**EXERCISE GOAL**
Write out each record exactly and skip every image.

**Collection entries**
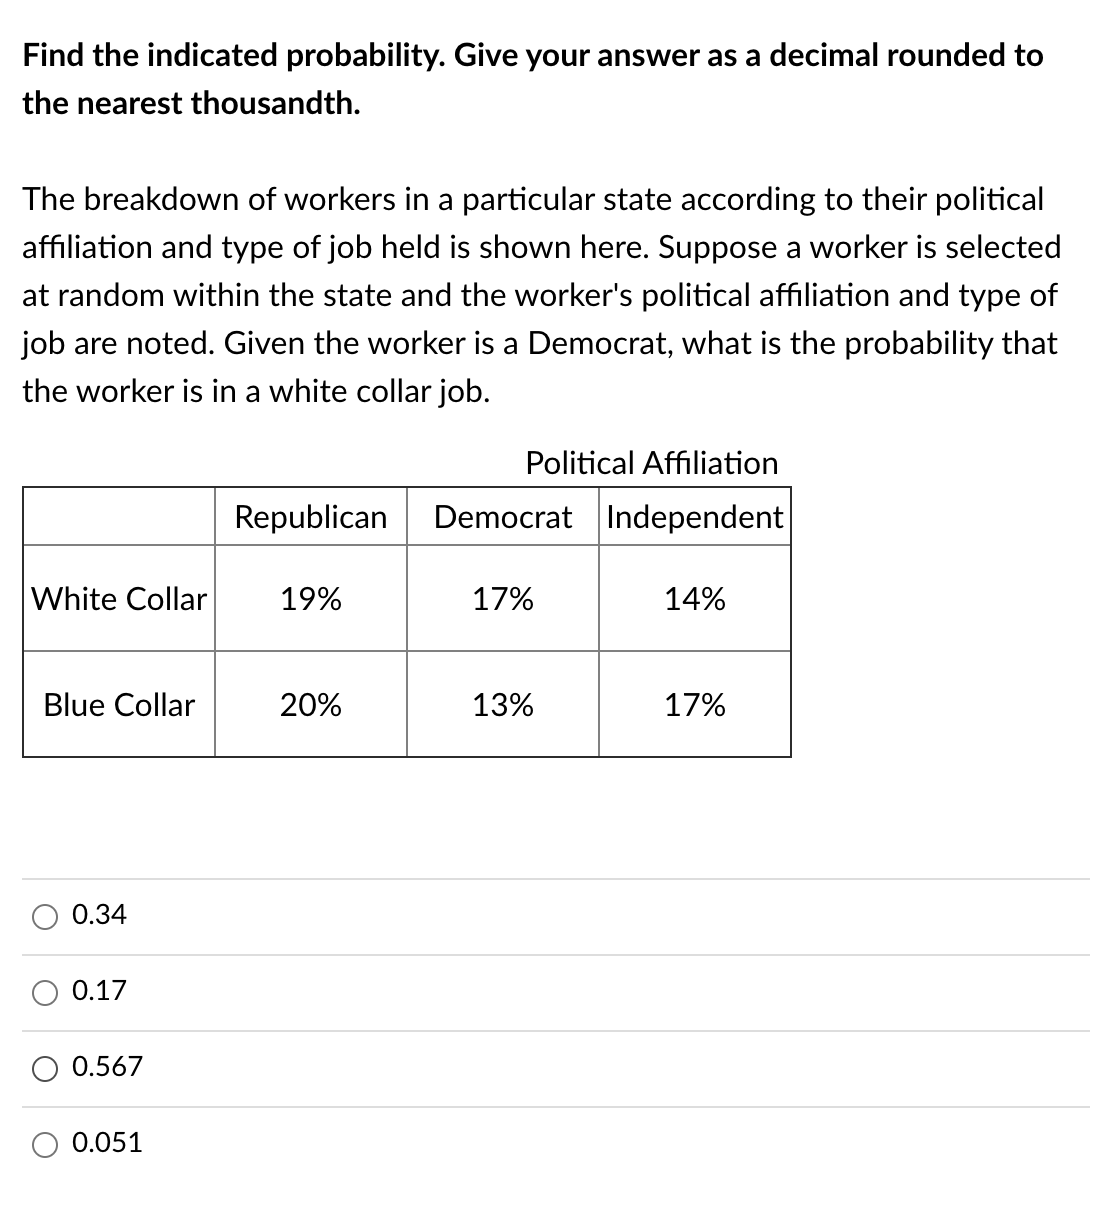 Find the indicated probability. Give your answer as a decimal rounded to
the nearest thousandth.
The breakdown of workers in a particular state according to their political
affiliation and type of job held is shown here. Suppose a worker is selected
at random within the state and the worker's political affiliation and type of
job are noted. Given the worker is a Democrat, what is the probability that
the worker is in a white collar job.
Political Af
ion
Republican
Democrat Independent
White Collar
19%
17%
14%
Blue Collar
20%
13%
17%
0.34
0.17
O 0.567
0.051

**OUTPUT BELOW**
 Find the indicated probability. Give your answer as a decimal rounded to
the nearest thousandth.
The breakdown of workers in a particular state according to their political
affiliation and type of job held is shown here. Suppose a worker is selected
at random within the state and the worker's political affiliation and type of
job are noted. Given the worker is a Democrat, what is the probability that
the worker is in a white collar job.
Political Af
ion
Republican
Democrat Independent
White Collar
19%
17%
14%
Blue Collar
20%
13%
17%
0.34
0.17
O 0.567
0.051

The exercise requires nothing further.